Scrorge's lips parted but he could say nothing. He looked away, his eyes seeking more familiar, comforting sights than he had been forced to see in the surreal landscape. But there were none. He looked back to the soldier...but no one was there.
* * *
He walked the grounds of the White House, along the bars of its outermost fence. An icy, stinging wind whipped across the lawn and buffeted Scrorge but he didn't feel it. The sun had not yet risen but its imminence turned the eastern sky the color of plums. The constant din and fanfare that usually accompanied his every waking moment had ceased and the solitude was deafening. He knew he had been given access to a great insight, one that generations of political favors or partisan lobbying could never have granted him. He was, for the first time in his life, moved.
She walked briskly across the lawn, her galoshes squeaking on the dewy grass. Only her moist eyes were visible above the heavy cardboard carton she carried in her arms, the girth of her down parka making it difficult for her to maintain a good grip. Hearing her approach, Scrorge turned.
"Ahh! Cool! You get enough?" he asked.
"As much as they had in stock, Mr. President" Condolleezza responded. She extended her bundle as much as she could, expecting him to take it from her. Instead, he reached into the carton and took out an impregnably sealed fluorescent light bulb, its curlycue top causing a delighted smile to form on his lips.
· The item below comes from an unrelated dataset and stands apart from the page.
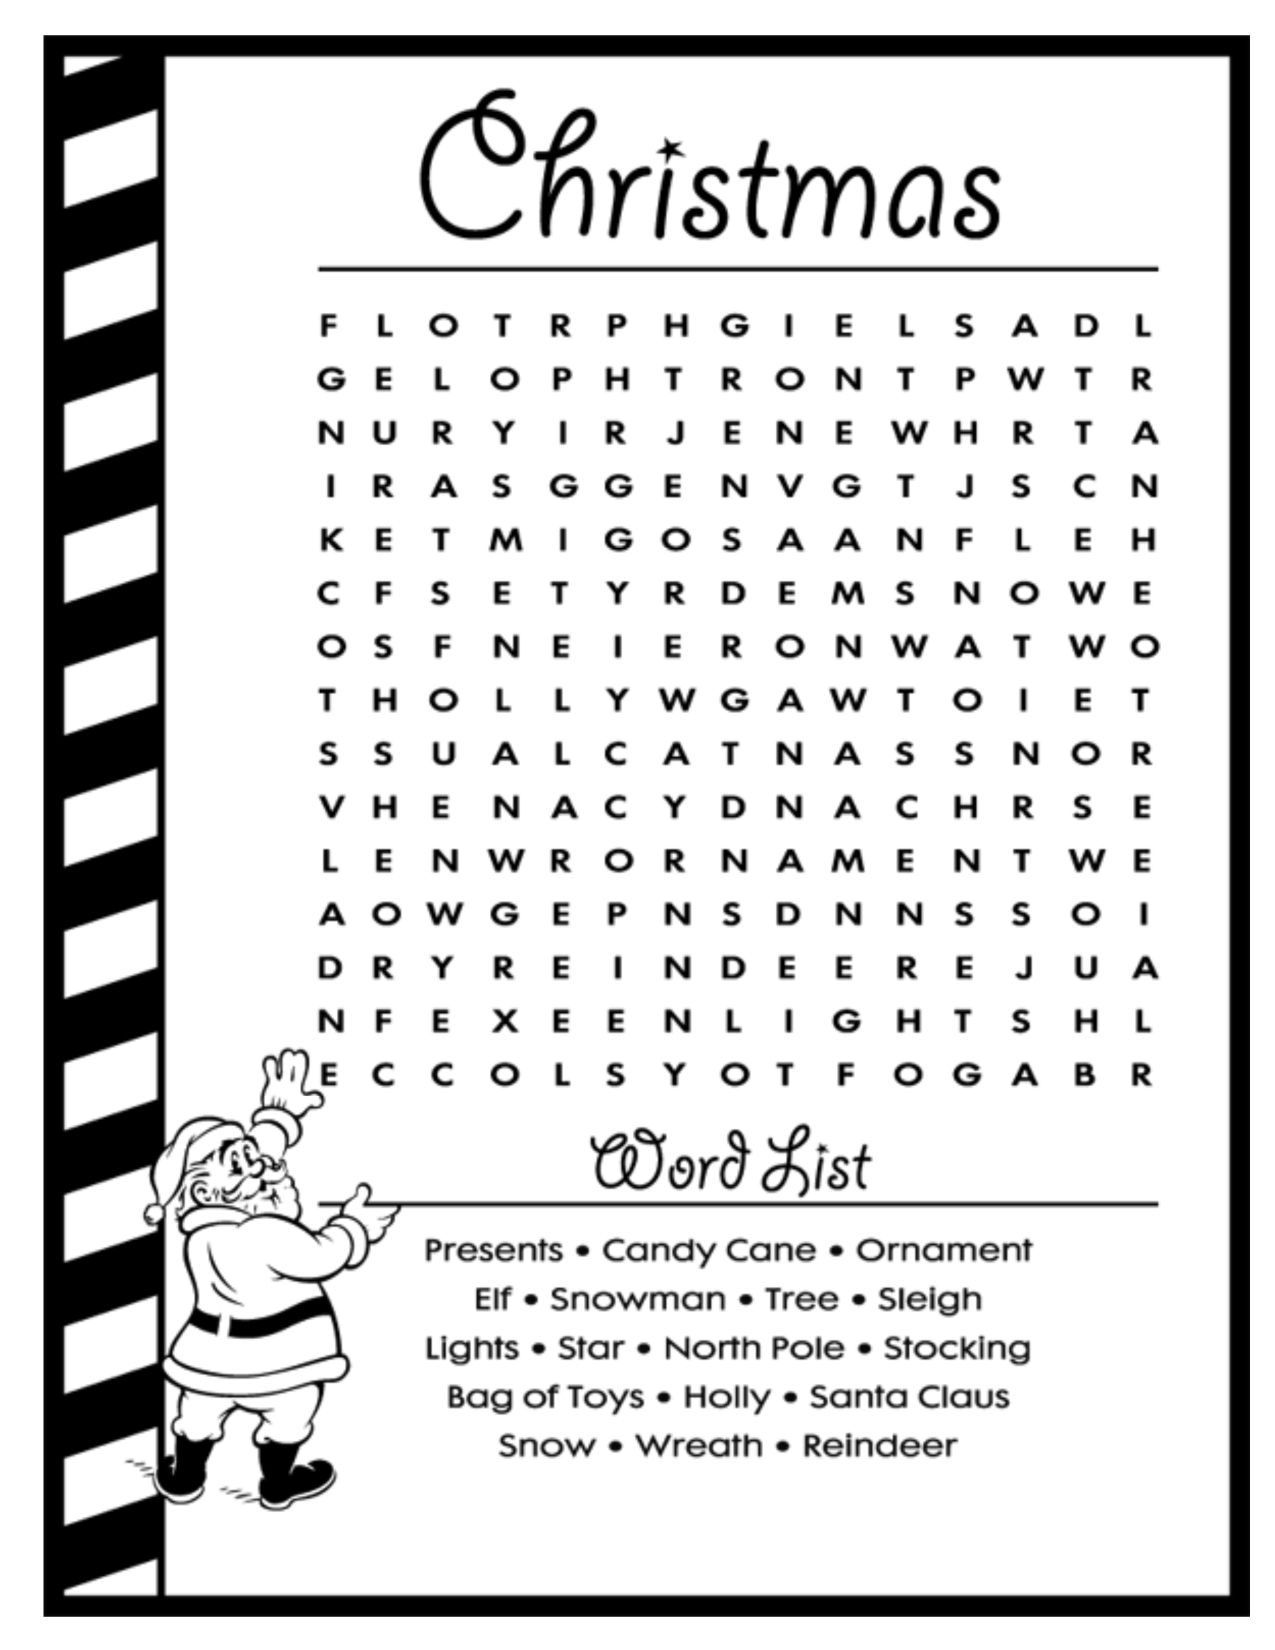 Christmaswordsearch1 1 275 1 650 Pixels

"I've had a epiphany, Condolleezza-peeva-poova-toova", he said. "I learned that we're only here a short time and one should make the best effort he or she can to make it a better place for all concerned." He looked at her.
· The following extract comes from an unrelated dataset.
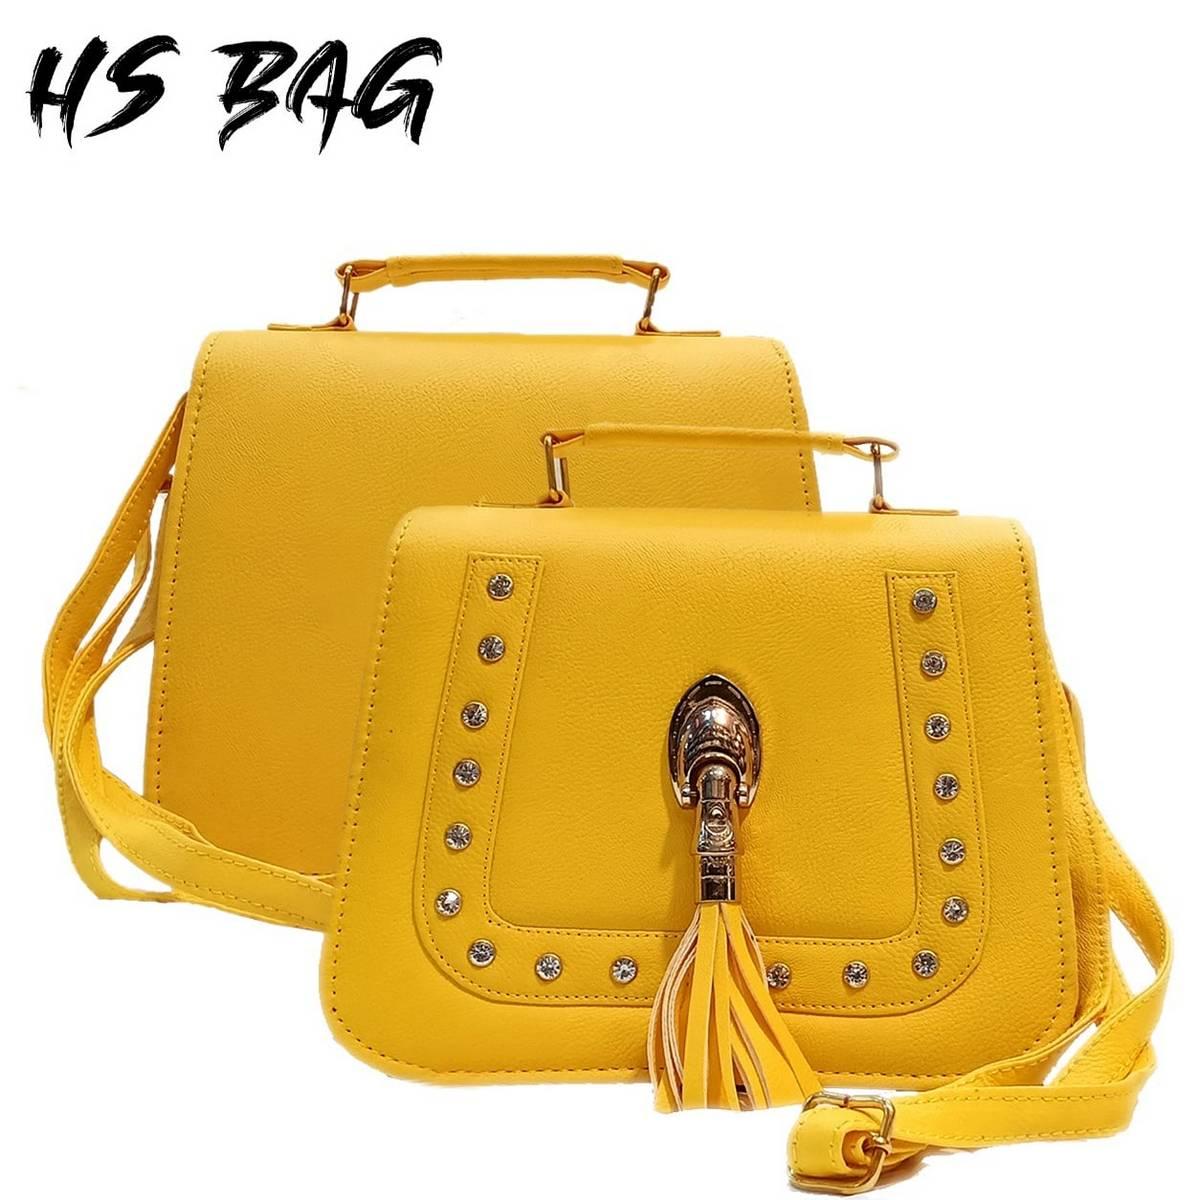 Small Stones Ladies Shoulder Bags Designer Satchel Tote Handbag

Condolleezza listened, hoping for a possible further explication but realized that it was not forthcoming. "What would you like me to do with these, sir?" she asked. Scrorge gestured expansively to the blazingly lit up White House.
"Start replacing the inefficient incandescent bulbs with these here super efficient fluorescent ones. Show the world we care!" She started to respond but once again bit her tongue. "Now git!" he said joyfully. She turned and squeaked back across the lawn. Scrorge watched her, barely able to express the fullness in his heart. The first drop of morning sun spilled across the plum clouds, turning them, the glistening dewy grass and his smiling face a pleasant, comforting orange. In the crisp dawn air, alone on the south lawn, he felt serene and embraced by a great warmth, a sort of global warmth, one that he hoped would embrace everyone. And goddam, it felt good.